Royal Hawaiian Center
Royal Hawaiian Center, formerly Royal Hawaiian Shopping Center, is the premier shopping, dining and entertainment destination in Waikiki. The 4-level Center spans a 3-block stretch of the famed Kalakaua Avenue and is currently being revitalized and expanded to more than 310,000 square feet of world-class shops, restaurants and entertainment.
Owned by Kamehameha Schools and developed and managed by The Festival Companies, the Center will soon feature 110 shops, 10 anchor restaurants, a world-class state-of-the-art live performance showroom and the largest open garden space in the heart of Waikiki. It remains open during its revitalization.

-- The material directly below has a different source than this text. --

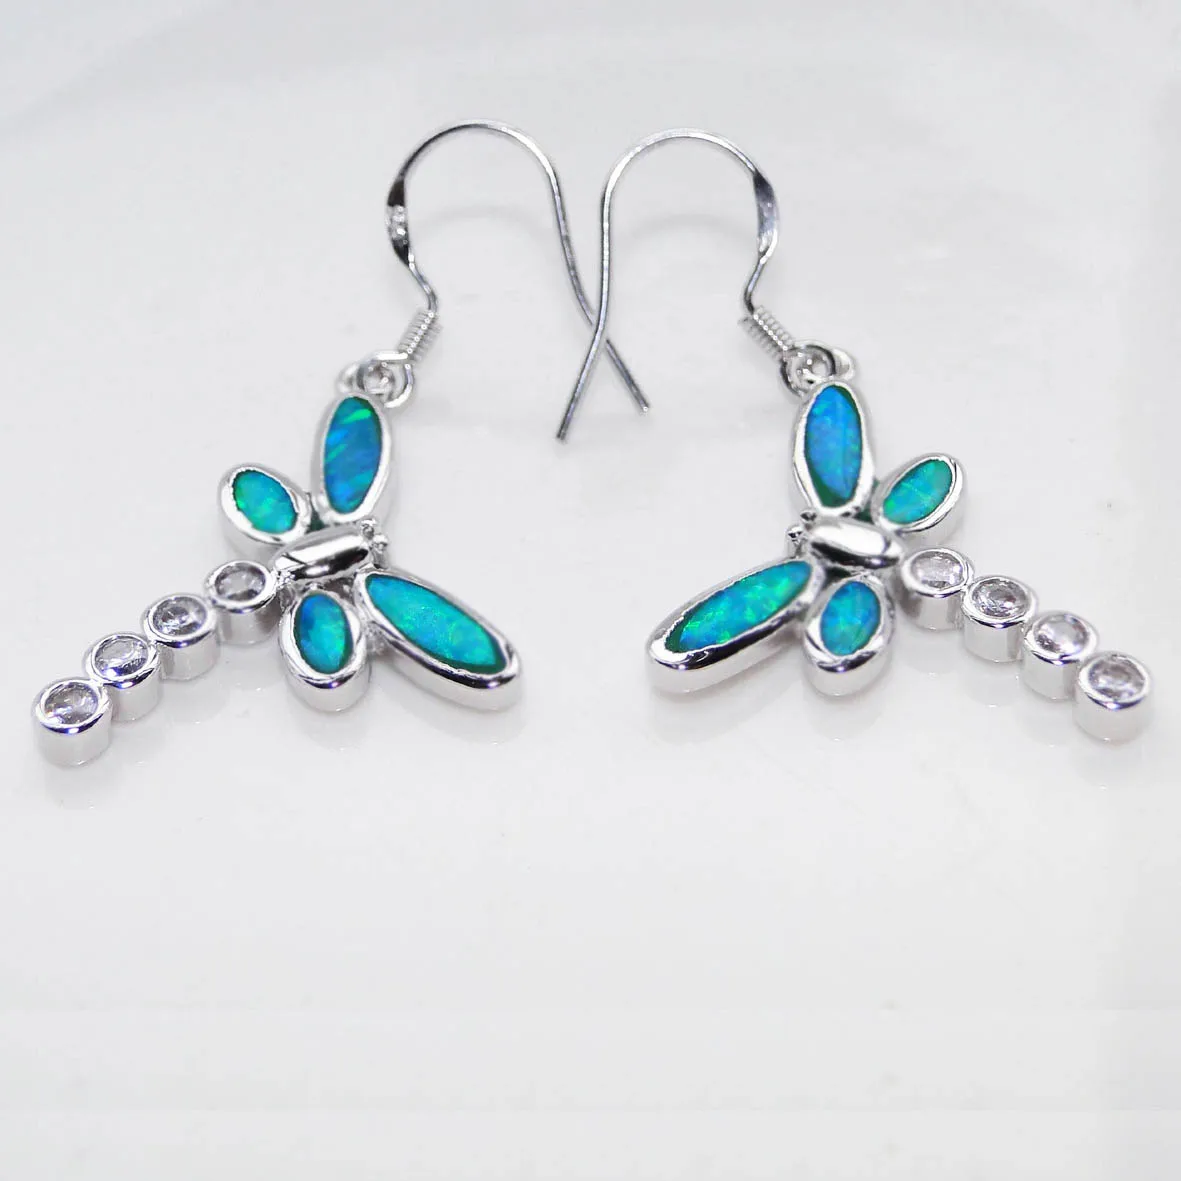 Dragonfly Small Female Earrings Small Blue Opal Earrings Women's Fashions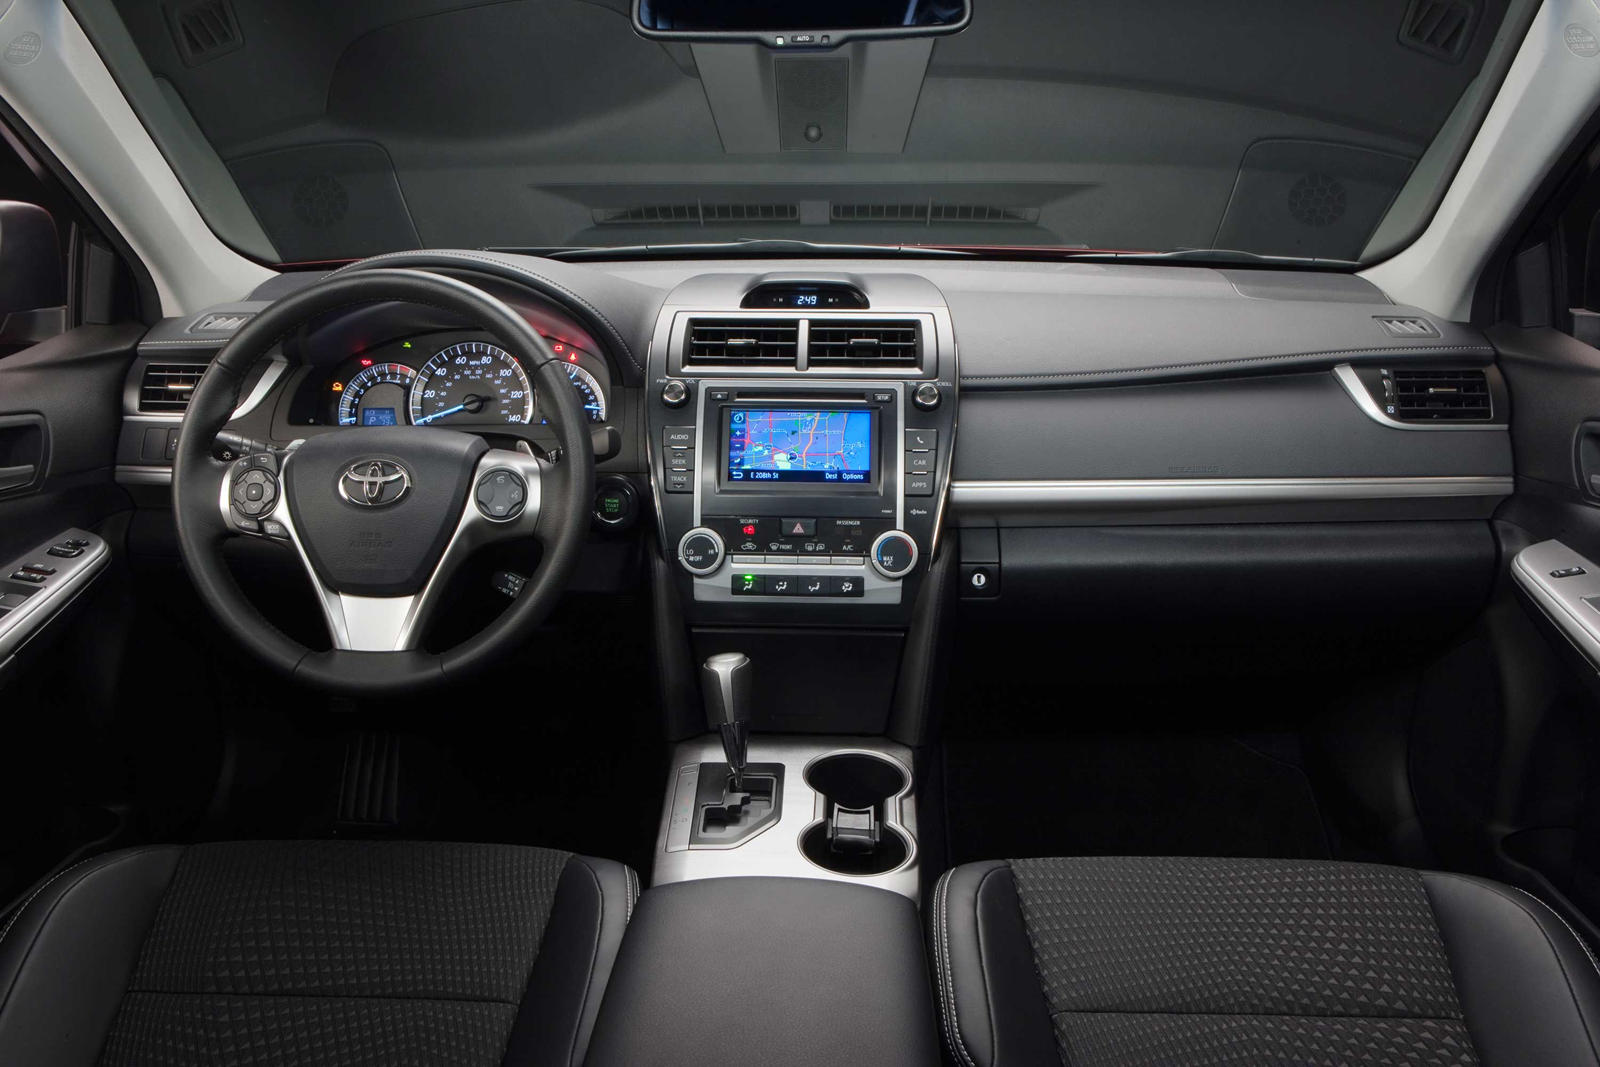 2014 Toyota Camry Interior Photos | CarBuzz

Culture and Entertainment at the Royal Hawaiian Center
Royal Hawaiian Center returns to the traditions of Helumoa in Waikiki through Hawaiian story telling, dance and music in The Royal Grove. As one of the largest lush green spaces in Waikiki, The Royal Grove is a centerpiece for entertainment and cultural gatherings with local hula ha-lau and other exciting performance groups. For a hands-on experience, guests also enjoy free cultural classes including 'ukulele, hula, lei making and Hawaiian quilting are offered at the Center.
Waikiki Beach Walk
Waikiki Beach Walk is the largest development project ever to be undertaken in Waikiki's history. The 7.9 acre area, bordered by Kalakaua Avenue, Lewers Street, Kalia Road, Beach Walk and Saratoga Road, has been completely rebuilt and has emerged as a vibrant showcase and gathering place in the new Waikiki. With a total construction cost of $535 million, it features an outdoor entertainment plaza, 41 new retailers, six great restaurants, and five hotels. Incorporating a design theme that celebrates Hawaii's voyaging and ocean heritage and takes advantage of the island's cooling trade winds and year-round excellent weather, Waikiki Beach Walk is the consummate expression of Hawaii today -- a place where people come to be enlivened with warm hospitality, a rich confluence of cultures, and nature's precious gifts from land and sea.
Waikiki Beach Walk has become an icon for Waikiki's revitalization and a symbol for the area's successful renaissance," said Barbara Campbell, vice president of retail development for Outrigger Enterprises Group. " we are reminded of what was once narrow streets and aging buildings and is now a bustling shopping and dining destination for thousands of visitors and residents."